##### AVAILABLE DATA

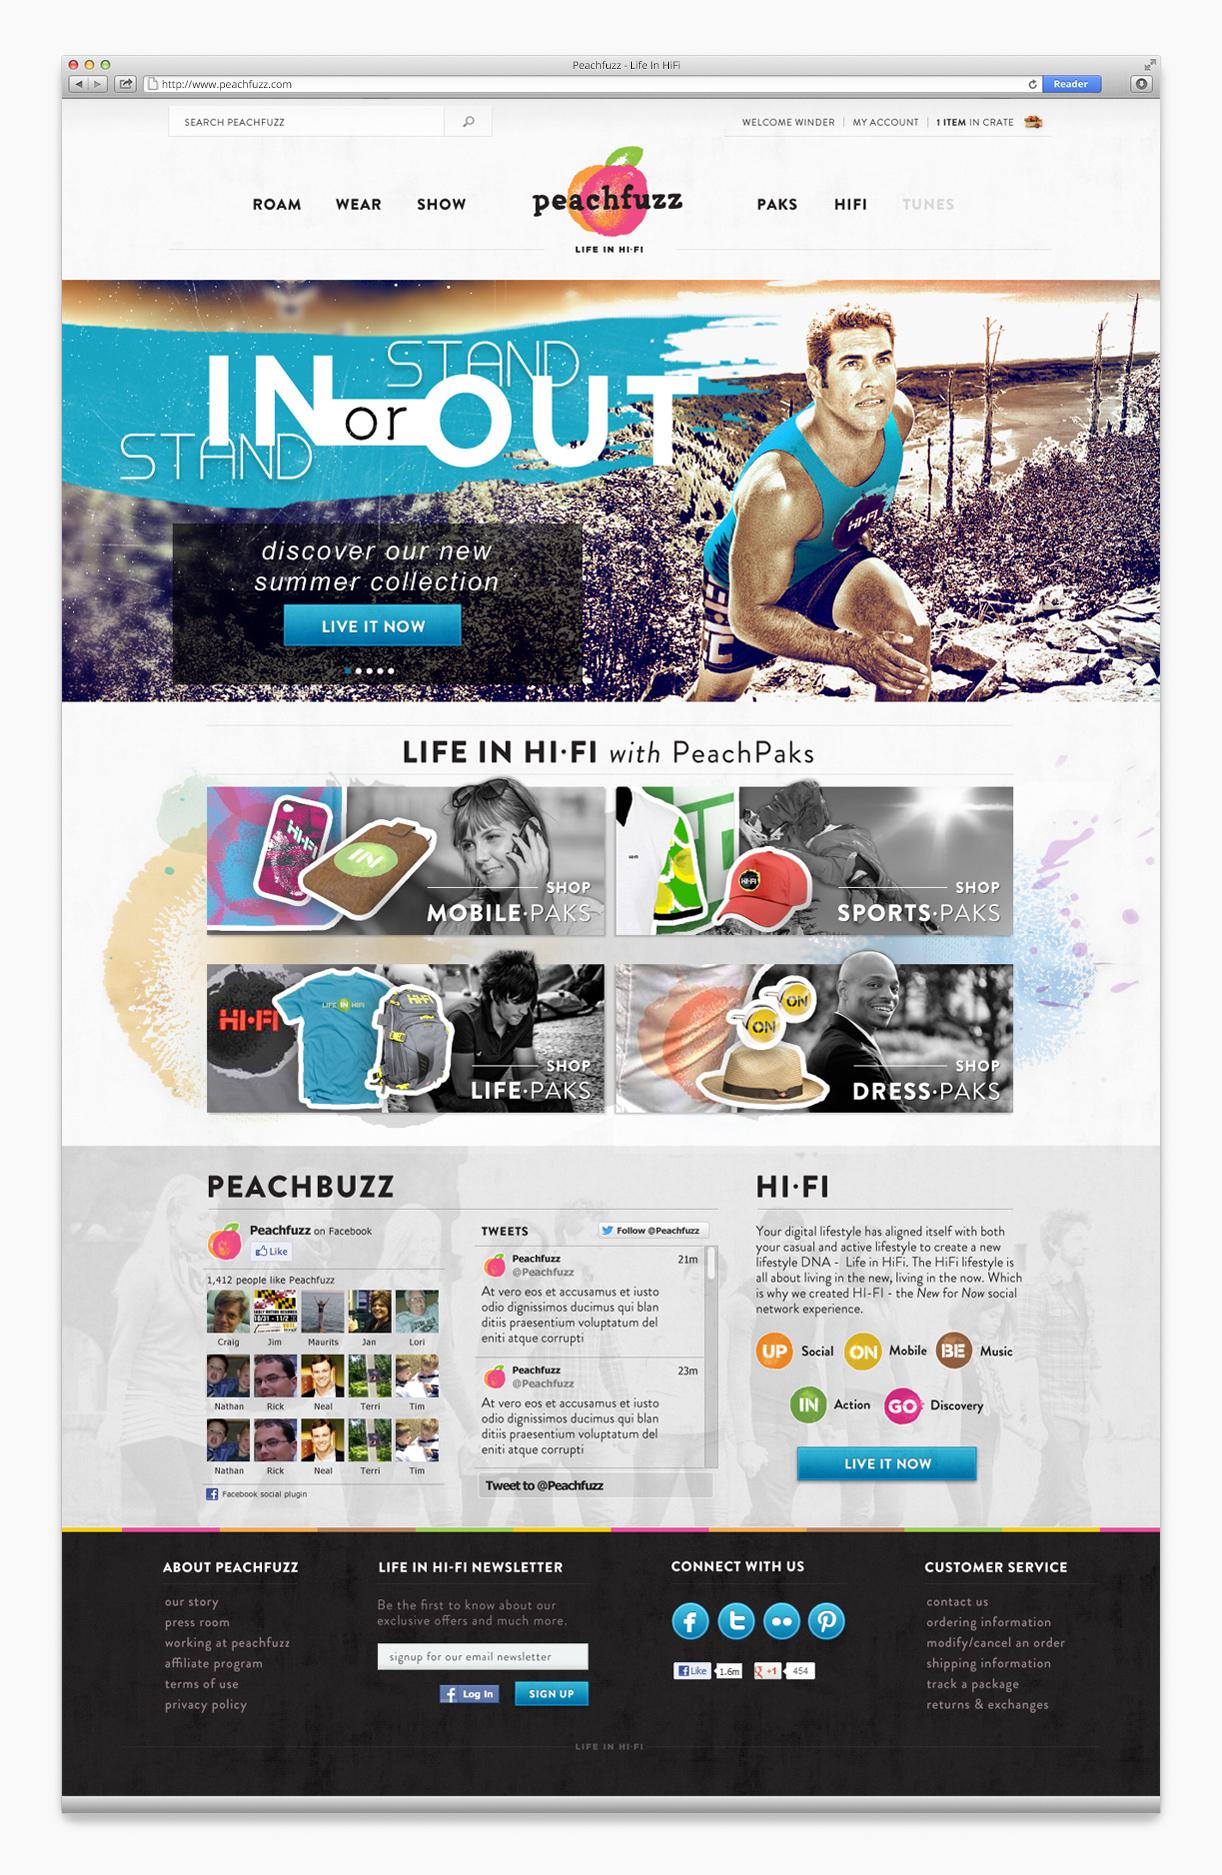 interactive_lifeinhifi_image13
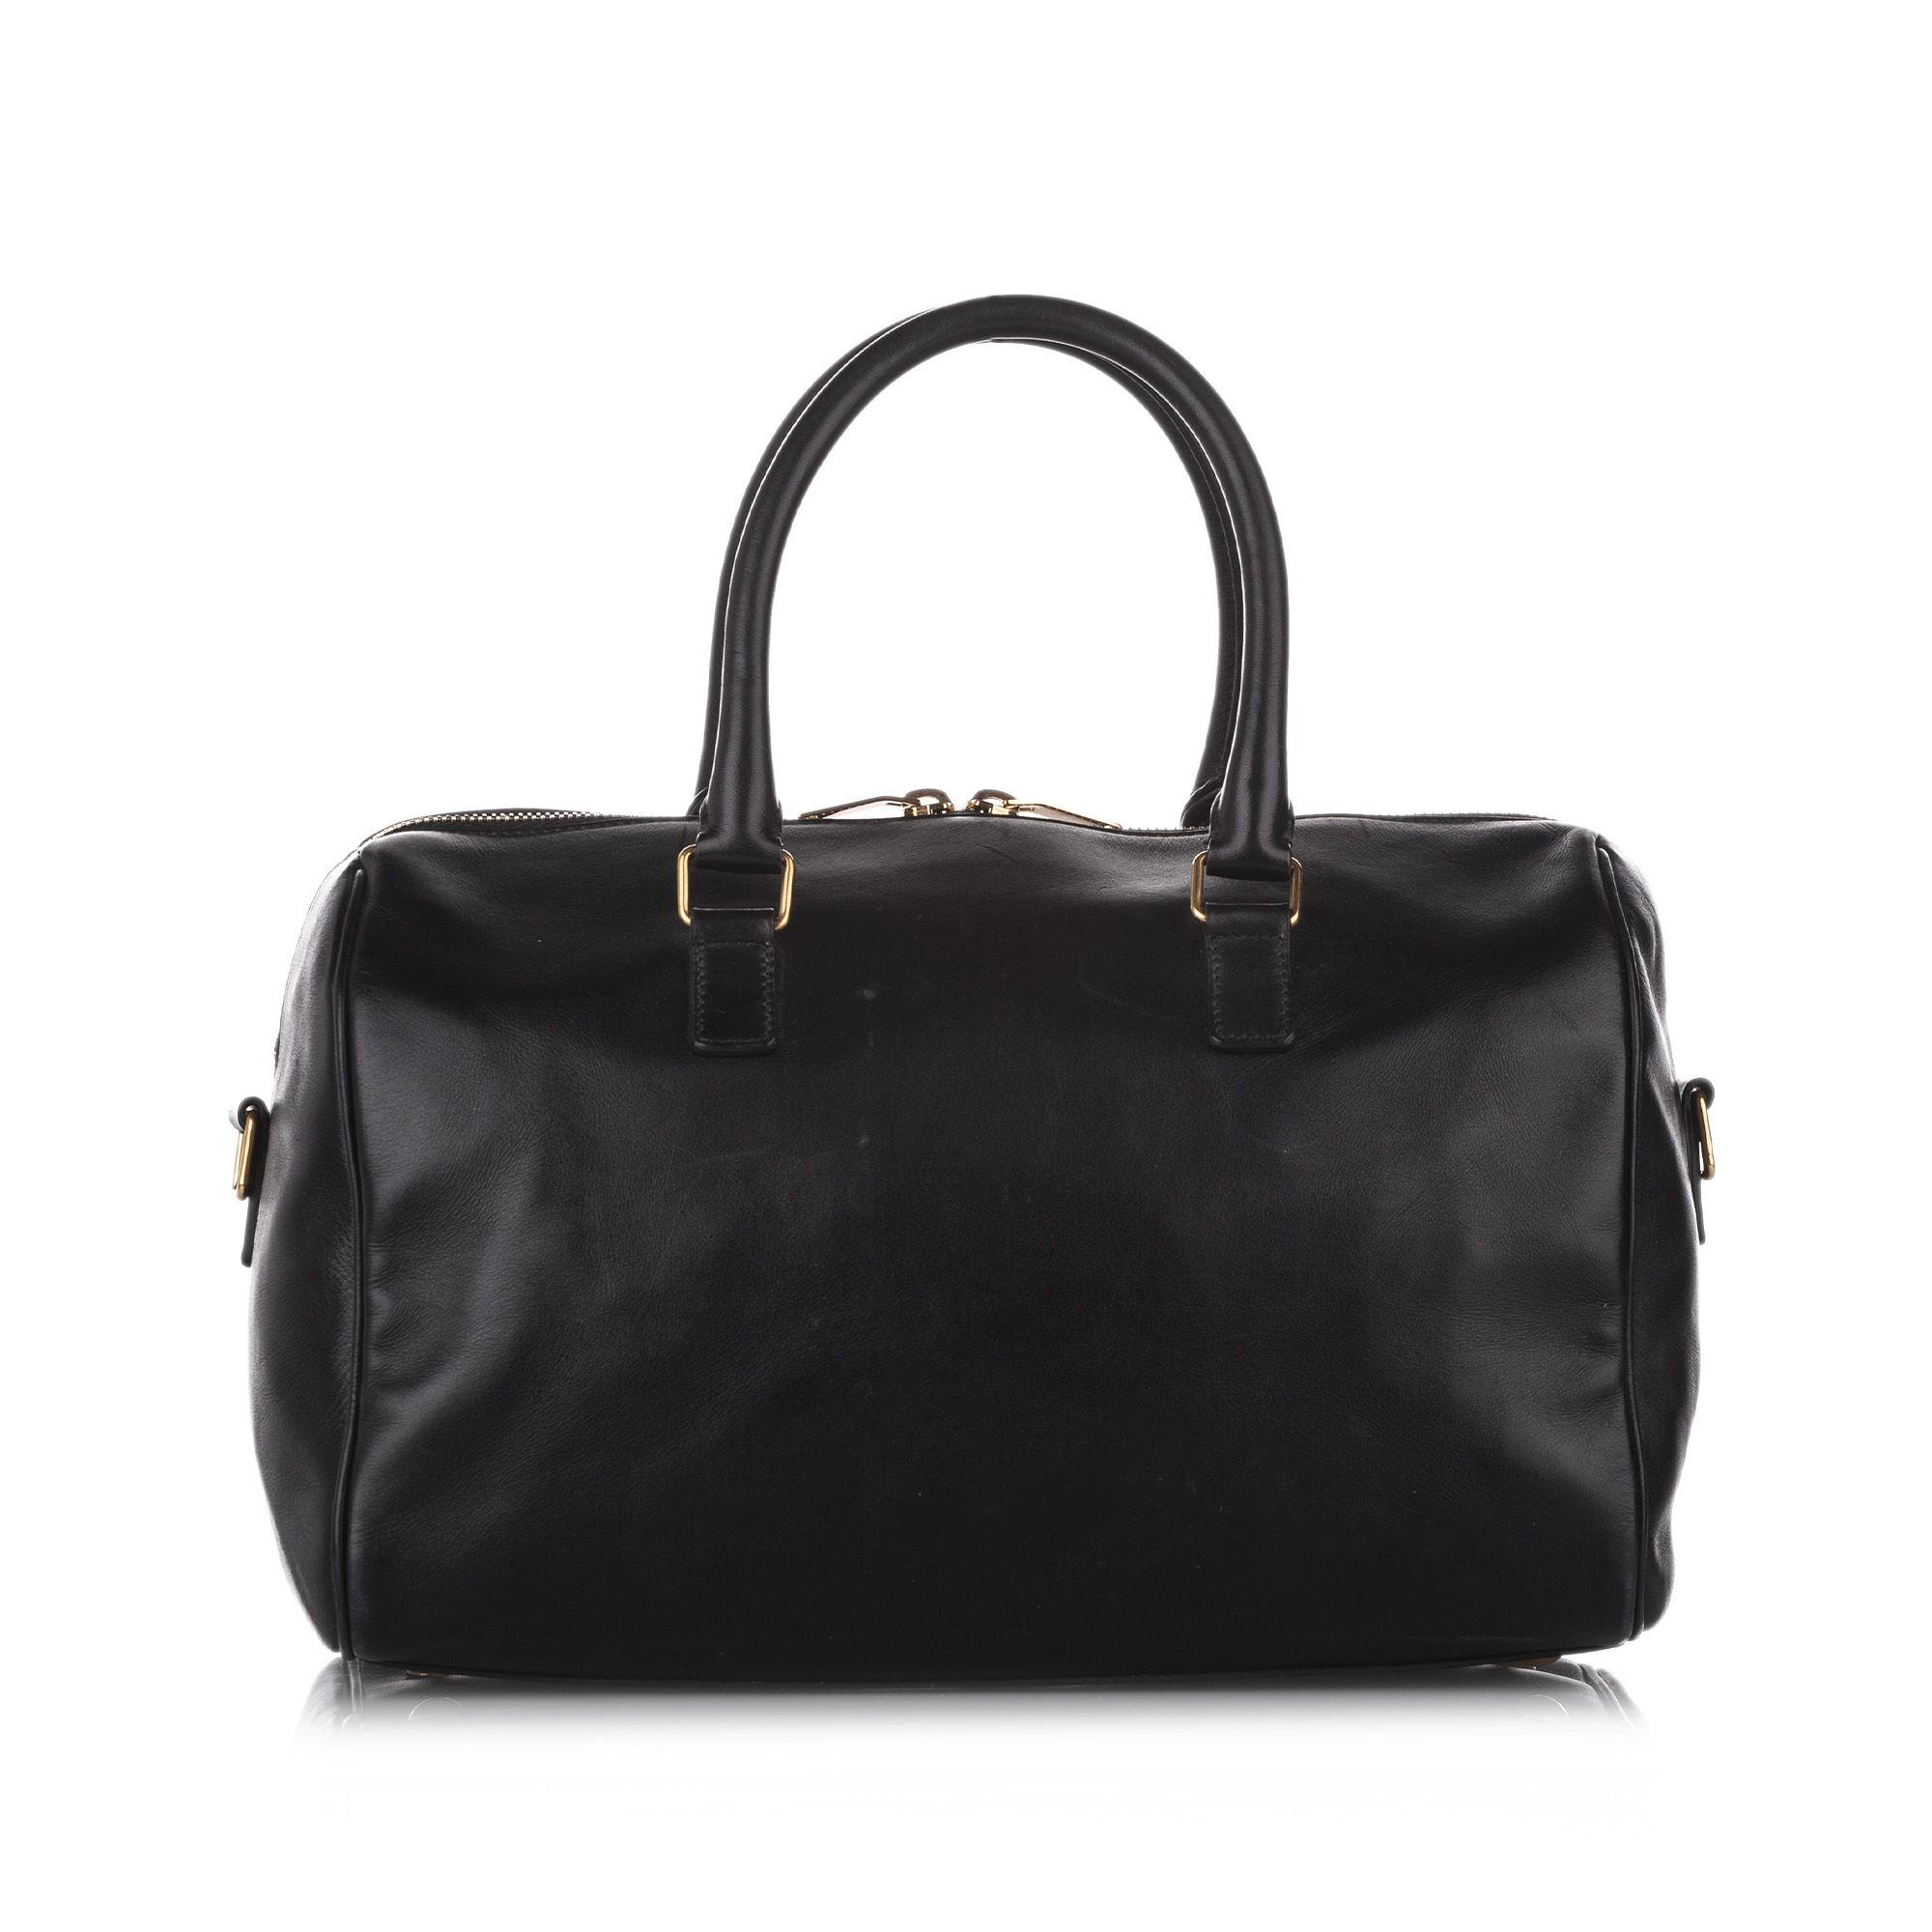 Vintage YSL Classic Duffle 6 Leather Satchel Black
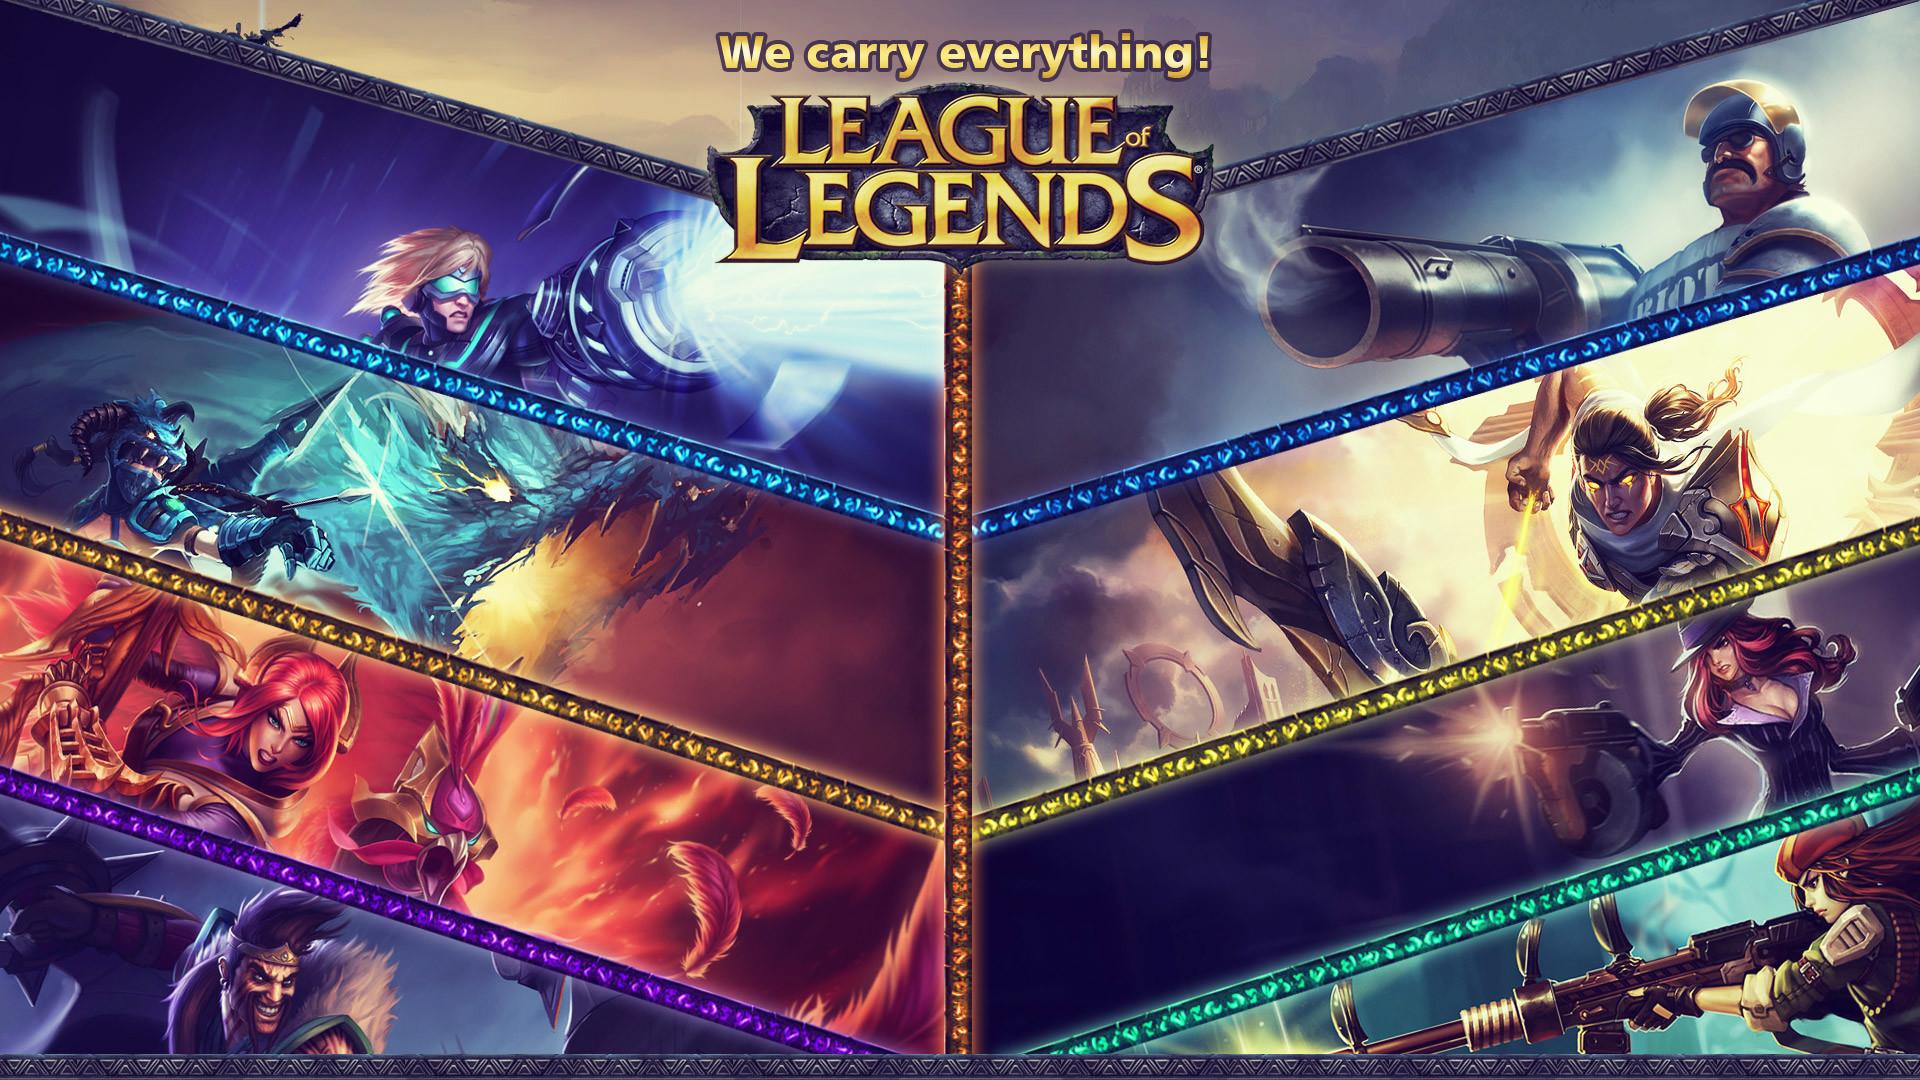 League of Legends ADC wallpaper

##########

Every line of the listing is to be retyped exactly; pictures stay out.

ANSWER SPACE:
 interactive_lifeinhifi_image13
 Vintage YSL Classic Duffle 6 Leather Satchel Black
 League of Legends ADC wallpaper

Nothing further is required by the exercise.